I don't think that there is a dairy near me. Just big ol a Angus ranchers!  But, you are right, thy would probubaly not want to part with a calf. 

Please keep us informed on how you are doing with your guys!


----------



## luvmyherd (Apr 9, 2011)

Do meat ranchers sell off heifers like dairies do bulls. Aren't they after steers for meat production?


----------



## Tenacross (May 26, 2011)

luvmyherd said:


> Do meat ranchers sell off heifers like dairies do bulls. Aren't they after steers for meat production?


Heifers bring ten to twenty cents a pound less, but they sell them at the same time they do the steers. The farmers usually keep their best ones for replacements.


----------



## Tenacross (May 26, 2011)

Itchysmom said:


> I don't think that there is a dairy near me. Just big ol a Angus ranchers!


I notice your tag says you live in Washington. I don't know how far you live from Enumclaw, but I could pick you out a calf. I could even start one for a week or two for you for a modest price.


----------



## Itchysmom (Apr 3, 2010)

I live in Chesaw..about 20 minutes outside of Oroville, north central WA. I am 4 miles ,as the crow flies, from the Canadian bioarder. I would appreciate you getting me a calf...but, maybe in a year or so when I have set myself up on our property! Enumclaw is quite a drive and I would have to ask hubby if he would be willing to do that for me. When you get a bull calf from the dairy, is it castrated yet or that something you have to do once you get it?

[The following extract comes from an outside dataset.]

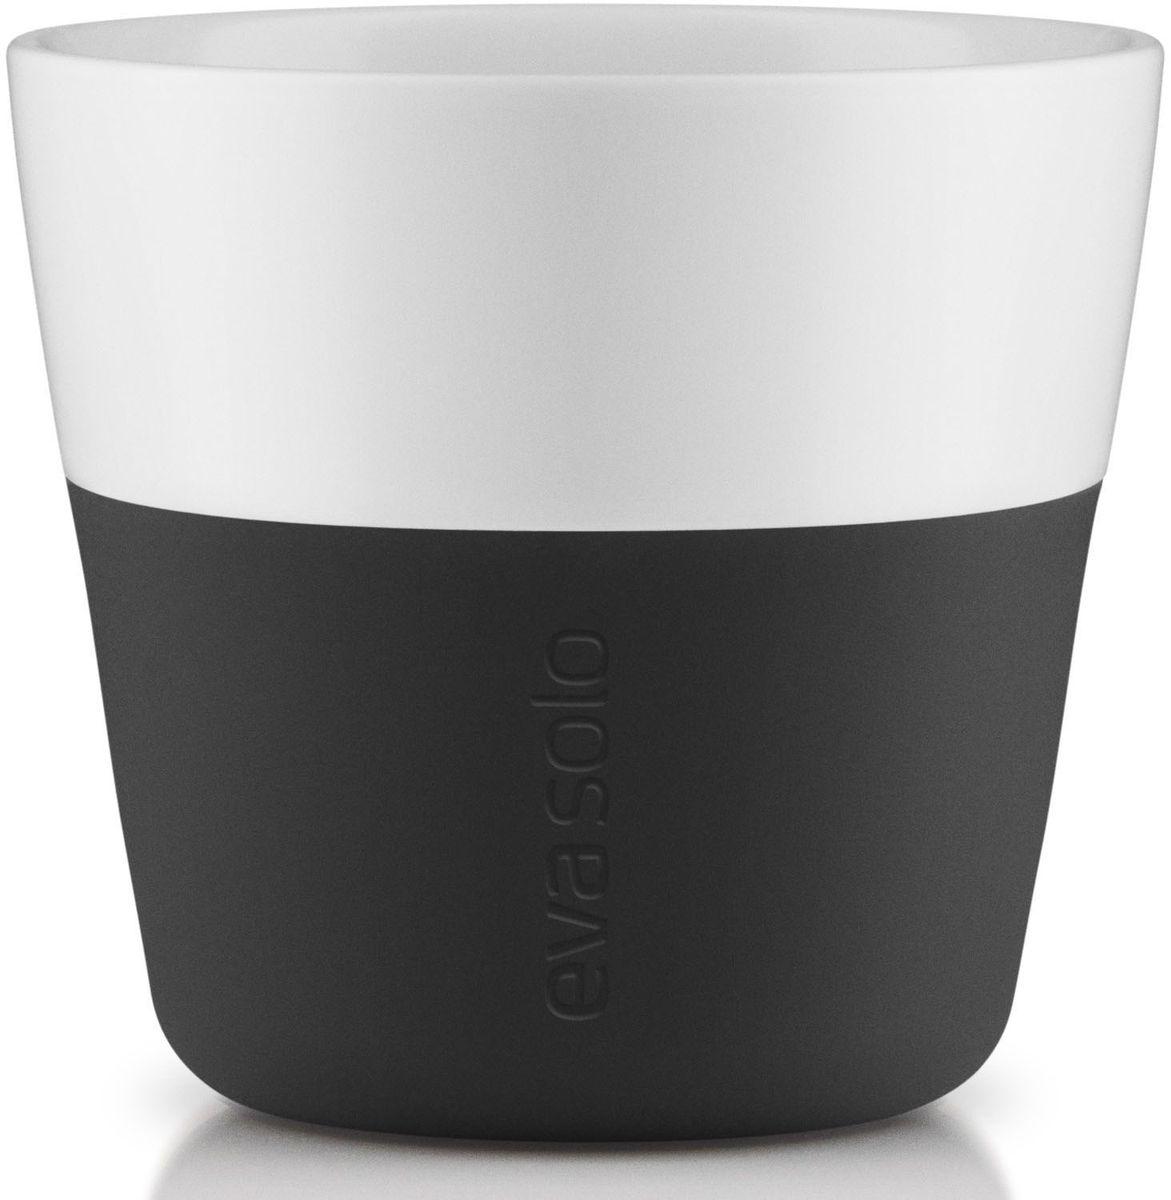 Чашки для лунго Eva Solo, 230 мл, 2 шт., цвет: черныйVT-1520(SR)Чашка для кофе лунго от Eva Solo рассчитана на 230 мл - оптимальный объем, а также стандарт для этого типа напитка у большинства кофе-машин. Чашка сделана из фарфора и имеет специальный силиконовый чехол, чтобы ее можно было держать в руках, не рискуя обжечь пальцы. Чехол легко снимается, и чашку можно мыть в посудомоечной машине. Умные и красивые предметы посуды от Eva Solo будут украшением любой кухни!
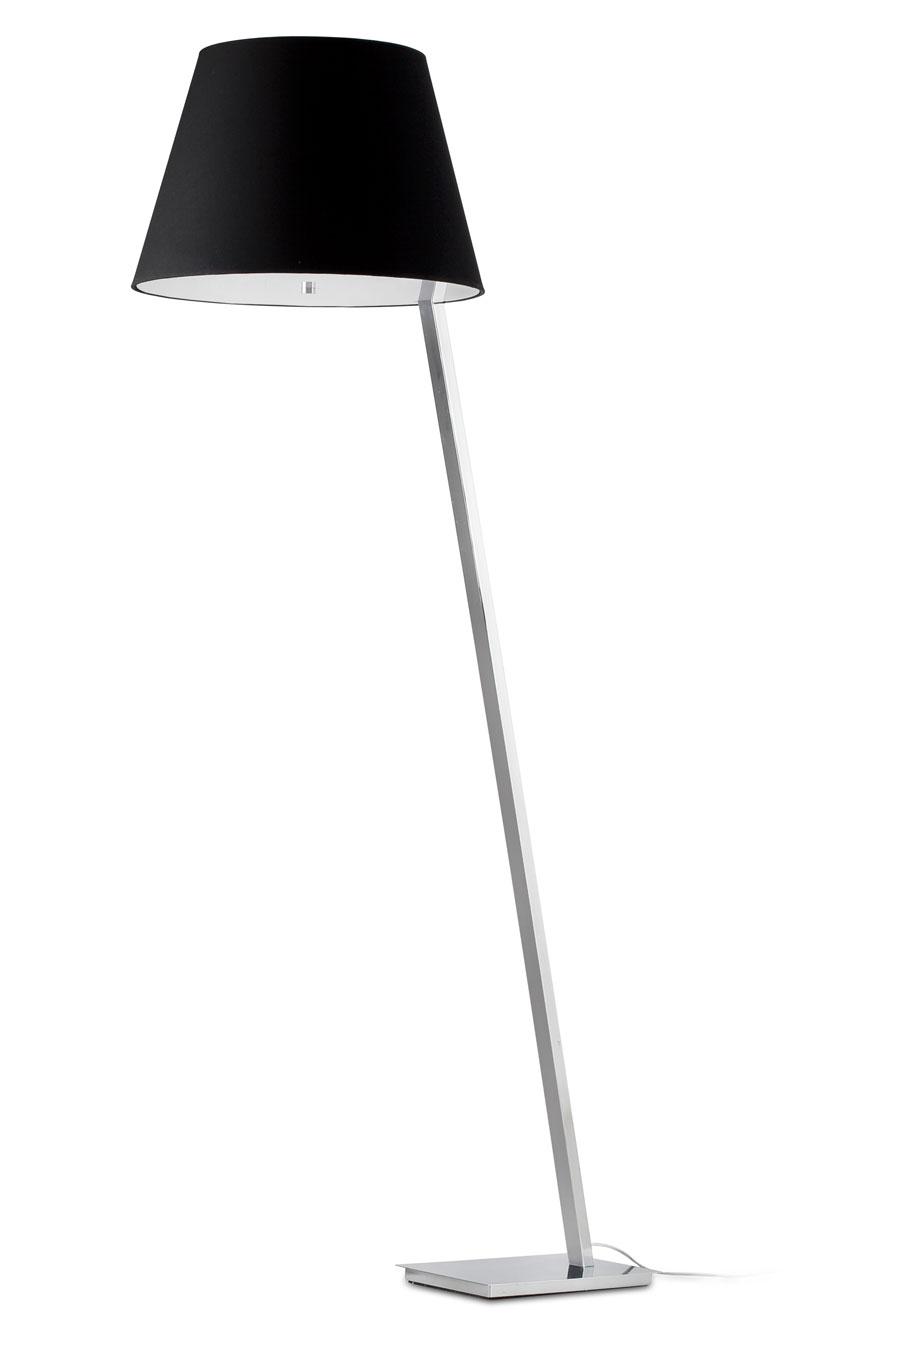 Moma lampadaire design chrome et tissu noir. Faro.

I assume the calves are taken away from their moms right away.

The beef guys here I think would keep even an orphaned calf, no matter what sex. It is money to them. I can ask around tho and see if one would be willing to sell me one at some point.


----------



## Tenacross (May 26, 2011)

Itchysmom said:


> I live in Chesaw..about 20 minutes outside of Oroville, north central WA. I am 4 miles ,as the crow flies, from the Canadian bioarder. I would appreciate you getting me a calf...but, maybe in a year or so when I have set myself up on our property! Enumclaw is quite a drive and I would have to ask hubby if he would be willing to do that for me. When you get a bull calf from the dairy, is it castrated yet or that something you have to do once you get it? I assume the calves are taken away from their moms right away.
> 
> The beef guys here I think would keep even an orphaned calf, no matter what sex. It is money to them. I can ask around tho and see if one would be willing to sell me one at some point.


Sure. Ask those guys. Tell them what you want to do and give them your number to call you if a calf comes up. Like you said before, that would be next spring probably.


----------



## Tenacross (May 26, 2011)

I like my new calf. He might be a jersey, but he is a very nice calf none the less. He's doing really good on the goats milk so far. Only problem is my daughters are already big fans of his.[attachment=0:2vazntn9]jersey 2.jpg[/attachment:2vazntn9]


----------



## Tenacross (May 26, 2011)

[attachment=0:9mriv417]jersey head 2.jpg[/attachment:9mriv417]


----------



## liz (Oct 5, 2007)

LOL...Even though I know his destiny,I can see why your girls like him! He is cute!


----------



## Itchysmom (Apr 3, 2010)

Well now...how can you resist that face!


----------